Analyzing and debugging performance
Some Arm processors provide a Performance Monitoring Unit (PMU) that enables you to gather various statistics on the operation of the processor and its memory system during runtime.
These statistics provide useful information that you can use when debugging or profiling code. This information might be useful when you are assessing the performance and resource efficiency of your system. The following resources will help you to understand more about the PMU and how to use it:
- The Technical Reference Manual for your processor will provide information about the PMU, if your processor provides one. For example, the Arm Cortex‑A32 Processor Technical Reference Manual contains a chapter describing the PMU.
- System Performance Analysis and the Arm Performance Monitor Unit explains how Cycle Models of Arm CPUs enable system performance analysis by providing access to the PMU. This includes an introduction to using the Cycle Model System Analyzer to automatically gather information on Arm PMU events for bare metal and Linux software loads.

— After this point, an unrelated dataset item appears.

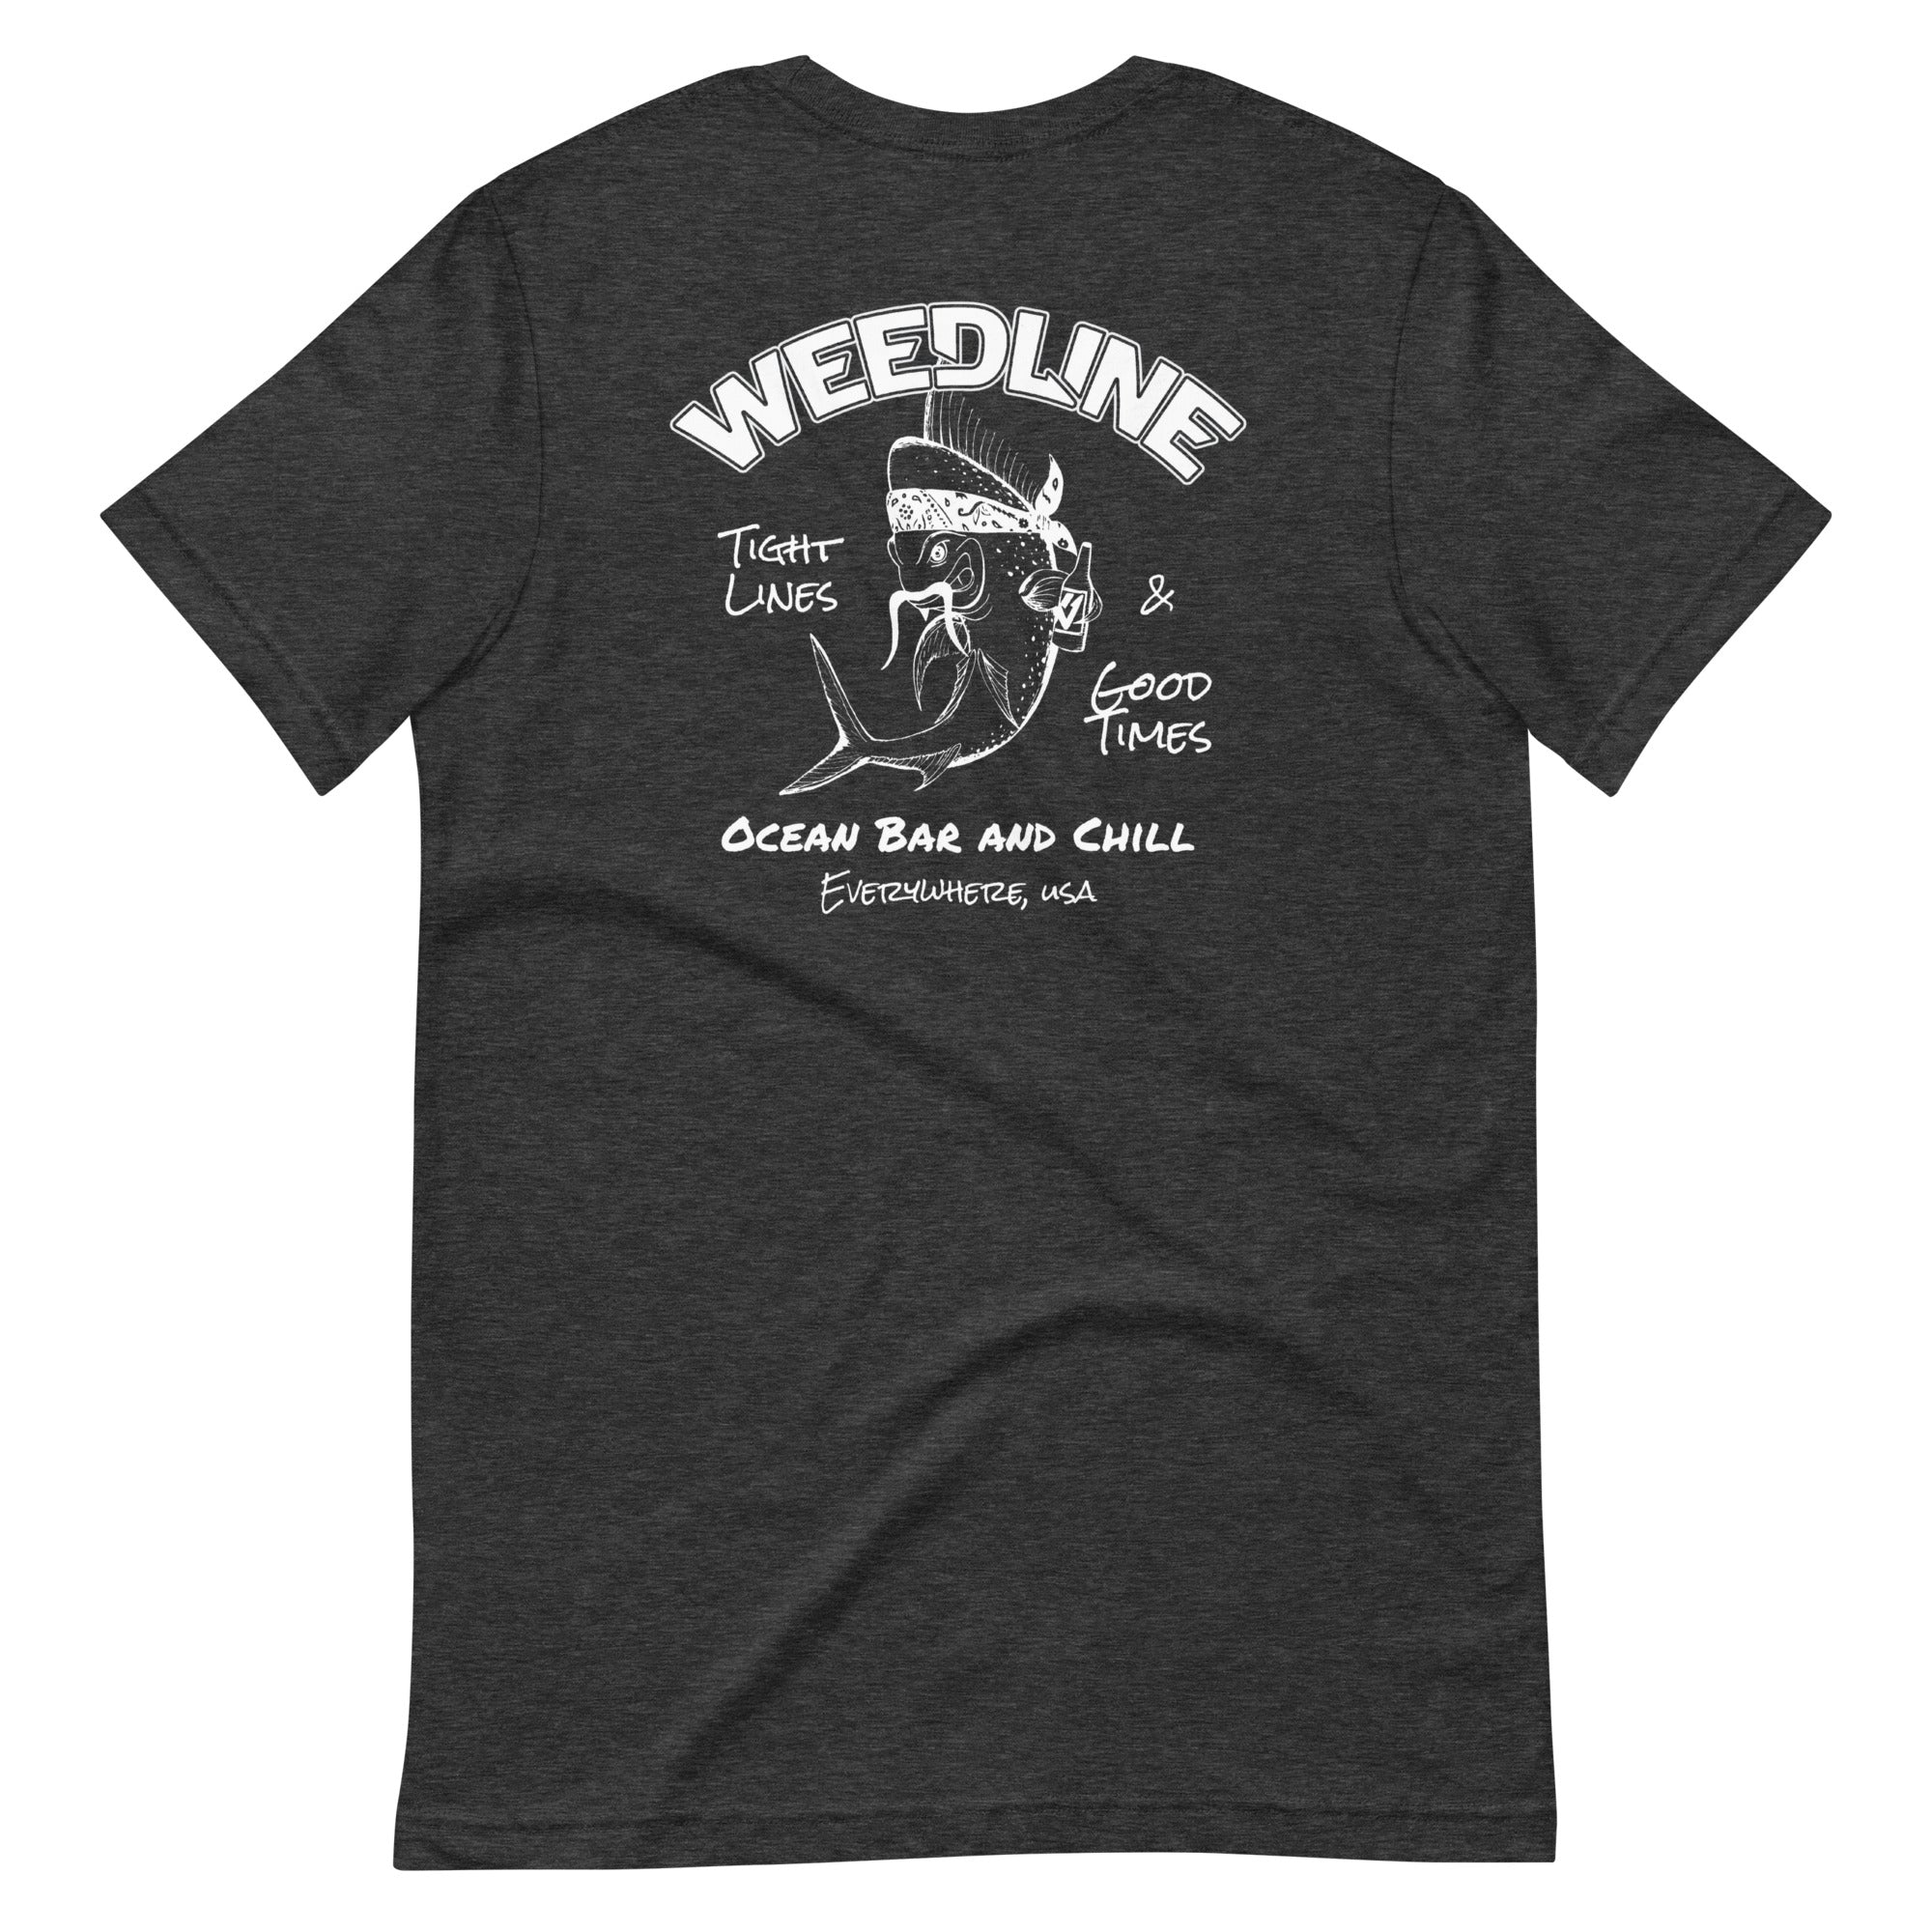 Weedline "Ocean Bar and Chill"
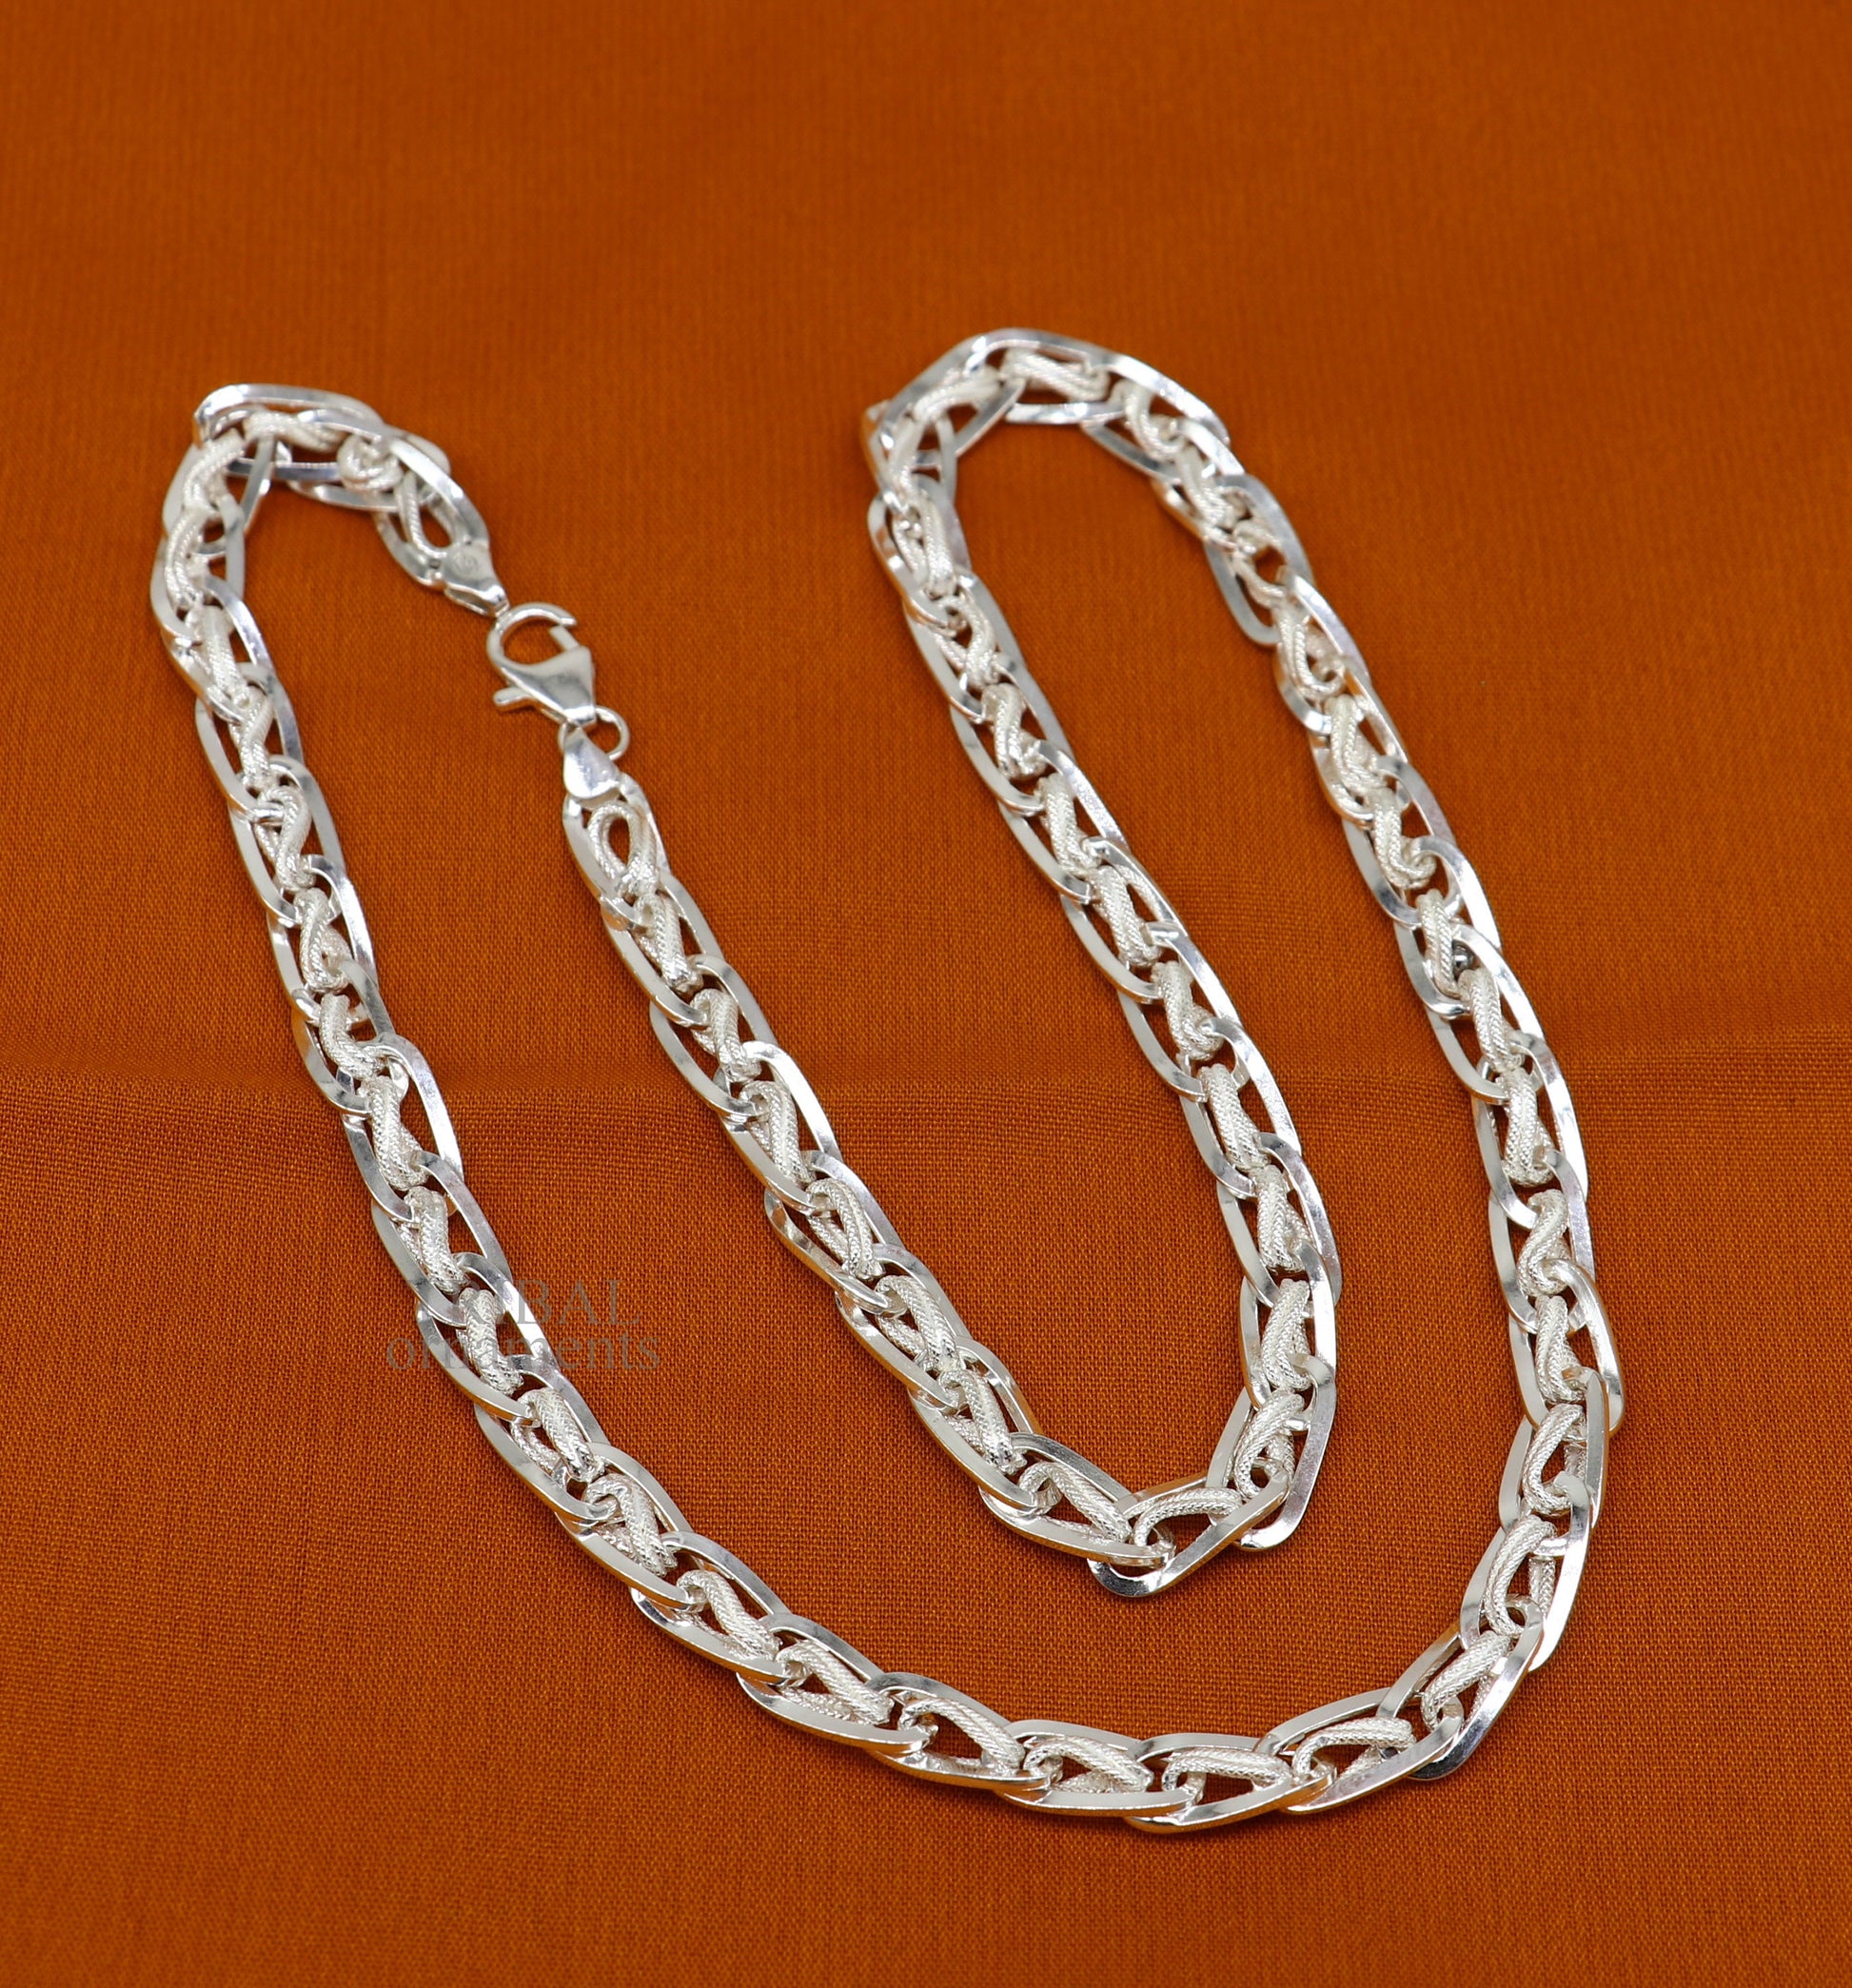 Exclusive unique stylish 21" 925 sterling silver 7mm handmade amazing chain necklace excellent gifting jewelry, men's chain necklace nch333 - TRIBAL ORNAMENTS

- Using the PMU Event Counters in DS-5 details how to use the PMU and the Event Counters in Arm Development Studio.
Measuring PPA
Power, Performance and Area (PPA) implementation analysis is often used to compare different processors at a high-level. A PPA analysis measures:
- Power: The power that is consumed by the processor.
- Performance: The maximum attainable frequency of the clock that is driving the processor in this specific implementation.
- Area: How much silicon area the processor occupies.
Often high-level PPA figures are quoted for processors. However, behind the top-level power, performance and area results there are many variables and details that can affect these figures. Different implementations target different configurations, for example the cache sizes or inclusion of the Floating Point Unit (FPU). Different implementations also target different goals, for example aiming to achieve the highest possible frequency or the lowest possible area.
If you are not familiar with processor implementation, the Power, Performance and Area Implementation Analysis White Paper describes the variables that you need to understand. This information will help you to get value from any PPA data that presented, so that you can estimate the real PPA of your own implementation. This knowledge will allow you to make fair comparisons between processors, from a single IP partner or between processors from different processor IP vendors.
Avoiding common performance pitfalls
CPU performance is highly dependent on choices such as processor speed, cache size, interconnect, memory speed, data ordering, data width and optimal integration of the IP blocks.
The following resources highlight some of the common performance pitfalls that you might encounter.
- Webinar - Three Tips For Maximizing Your SoC Performance explains the methodologies and analysis techniques used at Arm, and how these techniques link to CPU performance.
- Webinar - How to optimize a system with the latest Arm DynamIQ processors explains the guidance available for the Arm DynamIQ processors, plus the Arm Mali-G72 GPU.
- Design Reviews are a service offered by Arm. In a Design Review, expert engineers visit Arm partners to perform a detailed review of a particular stage of the design cycle. Based on that review, they can provide feedback, best practice advice and propose solutions to any issues identified. The Arm Community blog post Finding design errors before it’s too late shows some real-life Design Reviews.
- The System performance analysis at Arm white paper looks at the methodology and different levels of analysis undertaken during Arm performance system analysis.